报告题目：On the study of limit cycles for a class of population models with time-varying factors

报告人：黄健沨教授，暨南大学

报告时间：2025年4月3日（周四）10:30-11:30

报告地点：20-306

报告摘要：In this talk, we introduce the study for a class of population models with time-varying factors, represented by one-dimensional piecewise smooth autonomous differential equations. We provide several derivative formulas in ``discrete'' form for the Poincar\'{e} map of such equations, and establish a criterion for the existence of limit cycles.
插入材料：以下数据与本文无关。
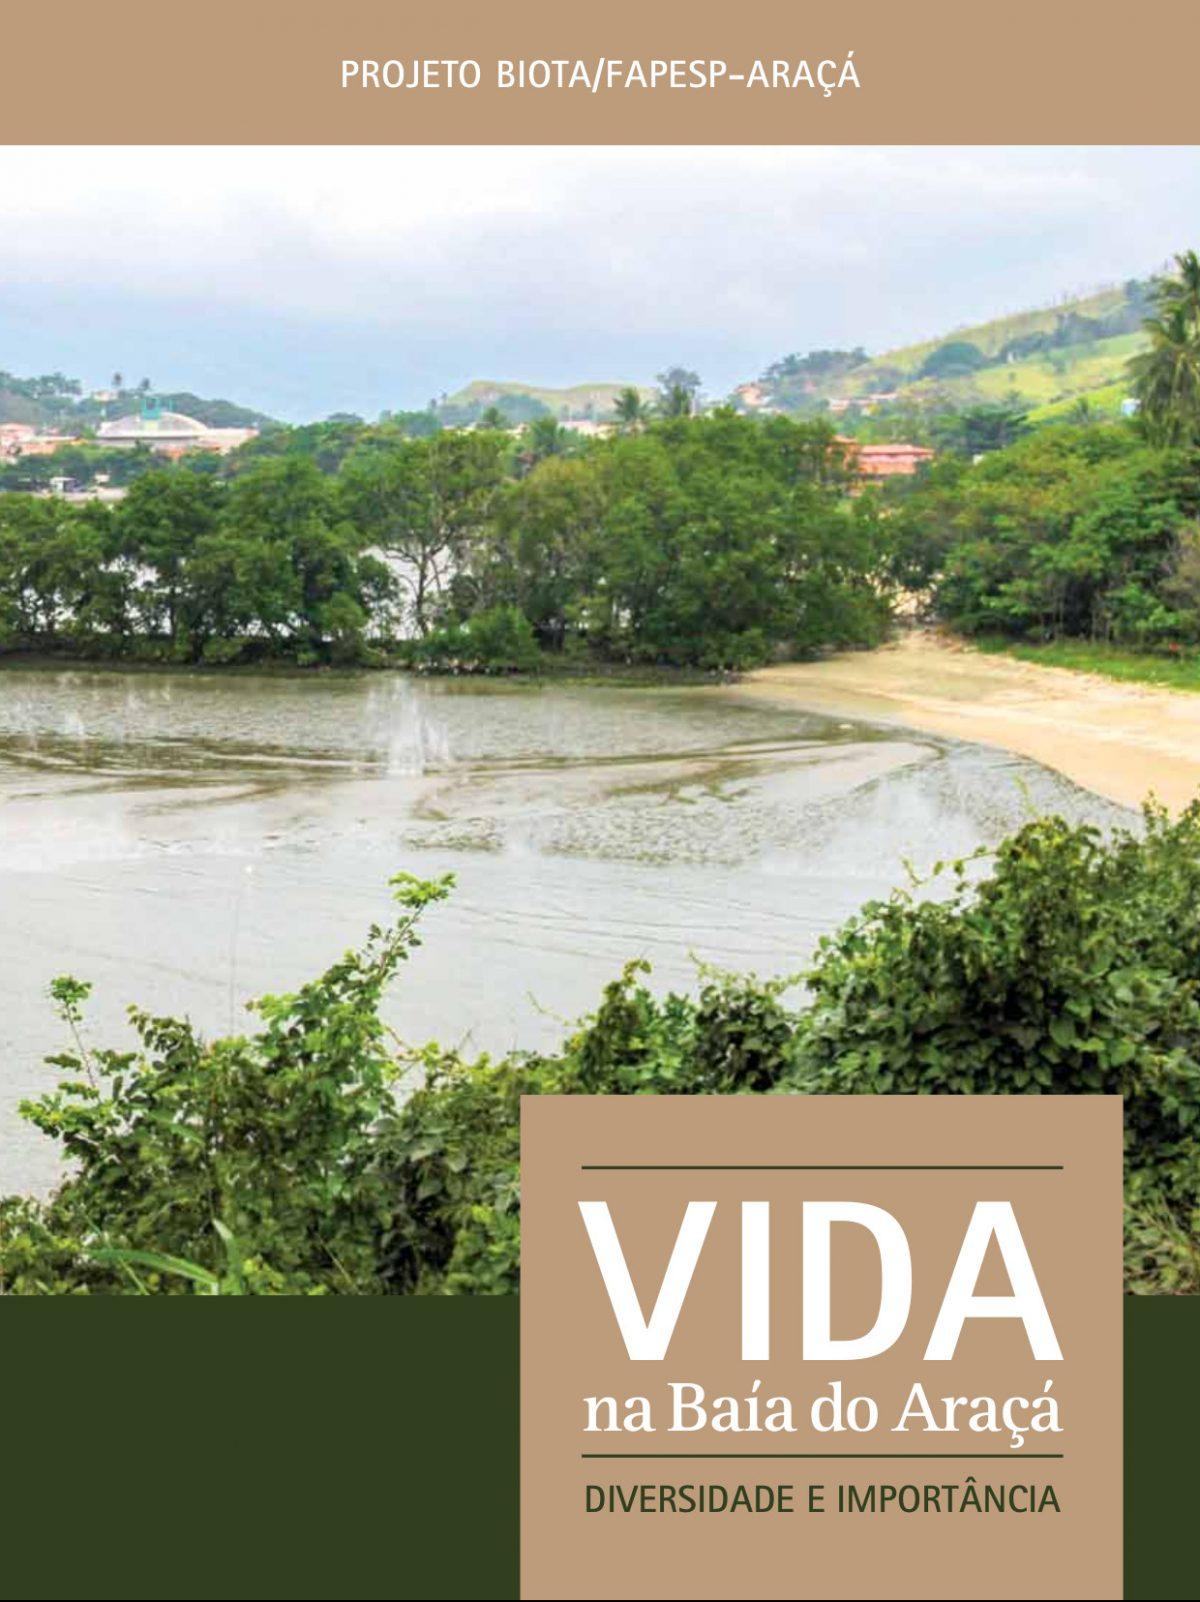 VidaNaBaiaDoAraca 1 e1607725335691

These two tools, together with the known ones, are then combined in a preliminary procedure that can provide a simple and unified way to analyze the equations. As an application, we prove that a general model of single species with seasonal constant-yield harvesting can only possess at most two limit cycles, which improves the work of Xiao in 2016. We also apply our results to a general model described by the Abel equations with periodic step function coefficients, showing that its maximum number of limit cycles, is three. Finally, a population suppression model for mosquitos considered by Yu \& Li in 2020 and Zheng et al. in 2021 is studied using our approach.

报告人简介：黄健沨，中山大学理学博士，复旦大学博士后，现任职于暨南大学信息科学技术学院数学系，教授，博士生导师。研究方向为微分方程定性理论，目前主要关注微分系统的极限环及其衍生问题。在JDE、SIADS、DCDS-A等本领域的国际主流期刊发表论文20余篇。主持国家自然科学基金、广东省自然科学基金、中国博士后科学基金面向项目等项目。获2019广东省自然科学技术奖二等奖（排名第三）。

邀请人：戴燕飞